Stop the action all together :Try repairing your uplink (check cables inside and outside)
Get a better ISP ^^ -
@Gertjan
Thanks for the response - everything is new from pole to house with no splitters and good power values. (Spectrum cable). Though there are a decent amount of errors and I’m sure there are problems with isp.This issue only occurs very infrequently, the last time was 21 days ago, with the time before that the same and it looks like it happens when isp changes wan ip.
-
Do you see SWAP enabled on the dashboard? That is required to store a crash report if it actually creates one.
-
No sir, it looks like I am not? How can I enable?

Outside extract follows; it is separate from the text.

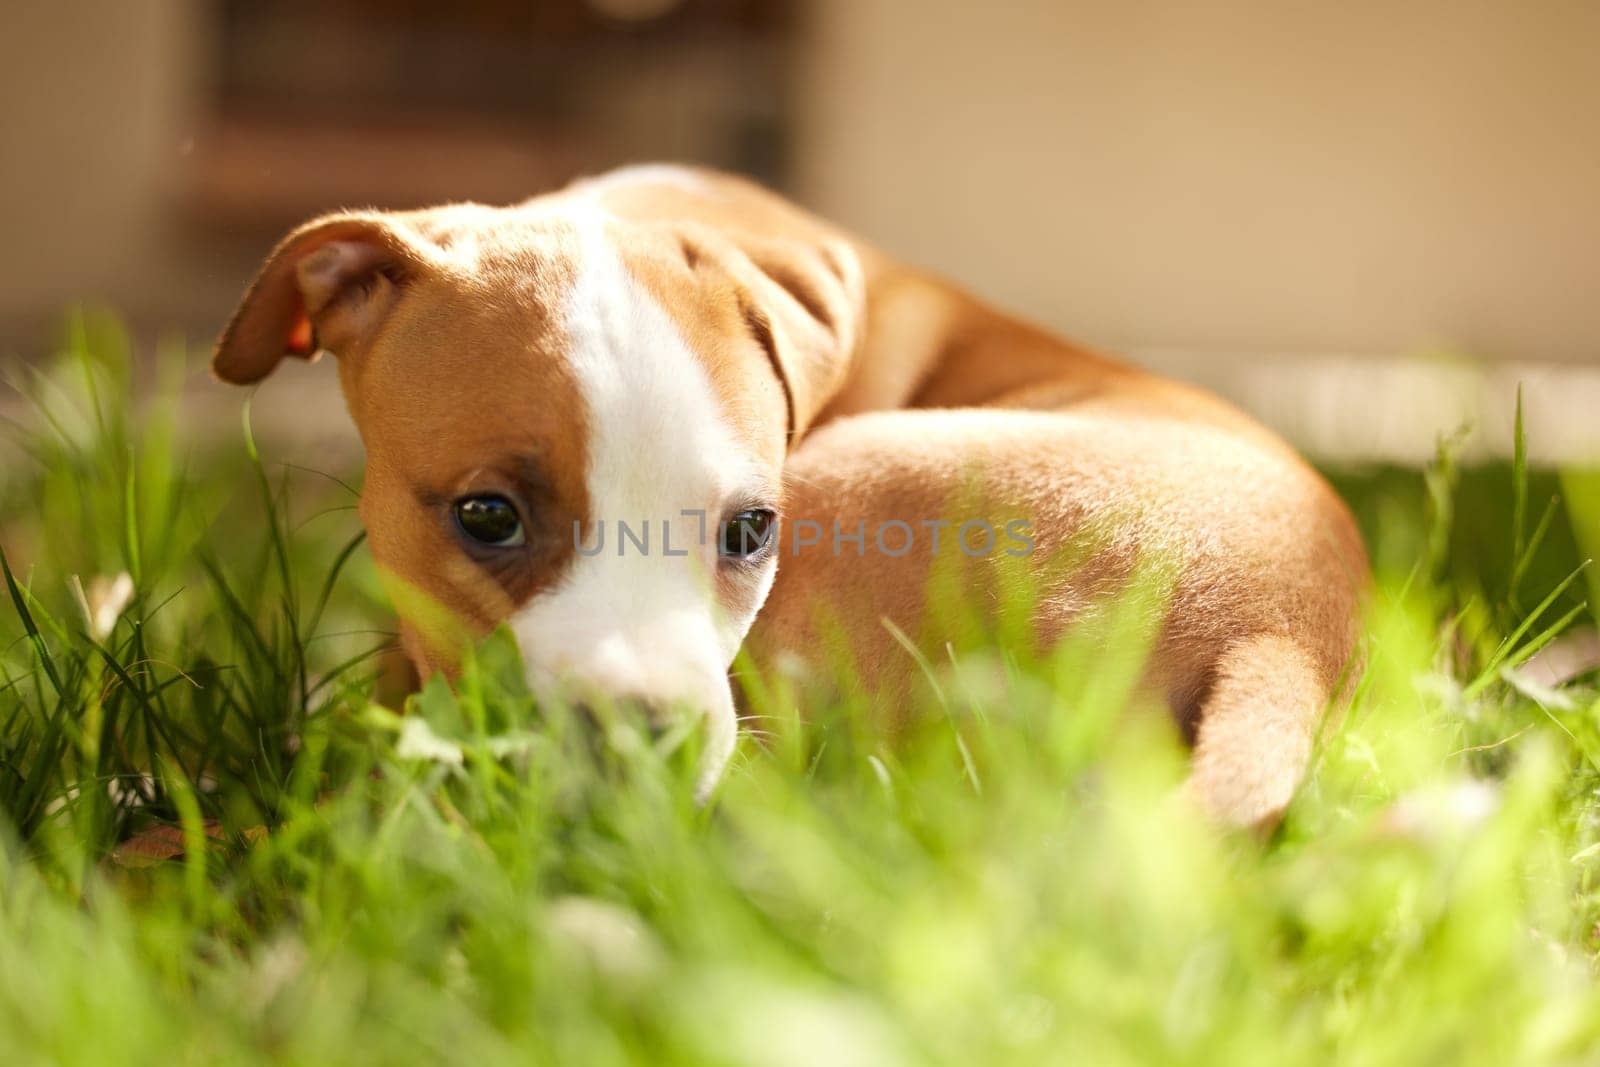 Grass, dog and portrait of shy puppy in backyard for adoption, rescue shelter and animal care. Cute, pets and hiding pitbull outdoors for playing, resting and relax in environment, lawn and nature.

last pid: 32337; load averages: 0.22, 0.16, 0.11 up 0+19:11:58 05:35:30
60 processes: 1 running, 59 sleeping
CPU: 1.1% user, 0.1% nice, 2.2% system, 0.2% interrupt, 96.4% idle
Mem: 211M Active, 368M Inact, 903M Wired, 6304M Free
ARC: 287M Total, 94M MFU, 183M MRU, 16K Anon, 1683K Header, 8359K Other
244M Compressed, 689M Uncompressed, 2.82:1 Ratio -
Ah, interesting. OK check that a SWAP partition is defined. At the command line run:
gpart list
-
@stephenw10
Here you goGeom name: nvd0 modified: false state: OK fwheads: 255 fwsectors: 63 last: 234441639 first: 3 entries: 4 scheme: GPT Providers: 1. Name: nvd0p1 Mediasize: 209715200 (200M) Sectorsize: 512 Stripesize: 0 Stripeoffset: 1536 Mode: r0w0e0 efimedia: HD(1,GPT,4792eff1-f262-11ec-8524-a1746a8b4cc2,0x3,0x64000) rawuuid: 4792eff1-f262-11ec-8524-a1746a8b4cc2 rawtype: c12a7328-f81f-11d2-ba4b-00a0c93ec93b label: (null) length: 209715200 offset: 1536 type: efi index: 1 end: 409602 start: 3 2. Name: nvd0p2 Mediasize: 113922309632 (106G) Sectorsize: 512 Stripesize: 0 Stripeoffset: 209716736 Mode: r1w1e1 efimedia: HD(2,GPT,4792eff7-f262-11ec-8524-a1746a8b4cc2,0x64003,0xd43263f) rawuuid: 4792eff7-f262-11ec-8524-a1746a8b4cc2 rawtype: 516e7cb6-6ecf-11d6-8ff8-00022d09712b label: (null) length: 113922309632 offset: 209716736 type: freebsd-ufs index: 2 end: 222914113 start: 409603 3. Name: nvd0p3 Mediasize: 5902090752 (5.5G) Sectorsize: 512 Stripesize: 0 Stripeoffset: 114132026368 Mode: r0w0e0 efimedia: HD(3,GPT,4ec35717-ac04-11ed-b9e8-90ec7762d5f6,0xd496642,0xafe561) rawuuid: 4ec35717-ac04-11ed-b9e8-90ec7762d5f6 rawtype: 516e7cb5-6ecf-11d6-8ff8-00022d09712b label: (null) length: 5902090752 offset: 114132026368 type: freebsd-swap index: 3 end: 234441634 start: 222914114 Consumers: 1. Name: nvd0 Mediasize: 120034123776 (112G) Sectorsize: 512 Mode: r1w1e2
-
Ok SWAP is present. Run:
cat /etc/fstab
-
@stephenw10
Does this mean there is nothing?# Device Mountpoint FStype Options Dump Pass# /dev/msdosfs/EFISYS /boot/efi msdosfs rw,noatime,noauto 0 0 /dev/gptid/4ec35717-ac04-11ed-b9e8-90ec7762d5f6 none swap sw 0 0
-
Oh OK, that looks correct. Try running:
swapinfo
-
Device 512-blocks Used Avail Capacity
-
Hmm, odd.
Ok try changing that second line in /etc/fstab to:
/dev/nvd0p3 none swap sw 0 0
Then reboot to apply that and check swapinfo again. Or it should be shown on the dashboard.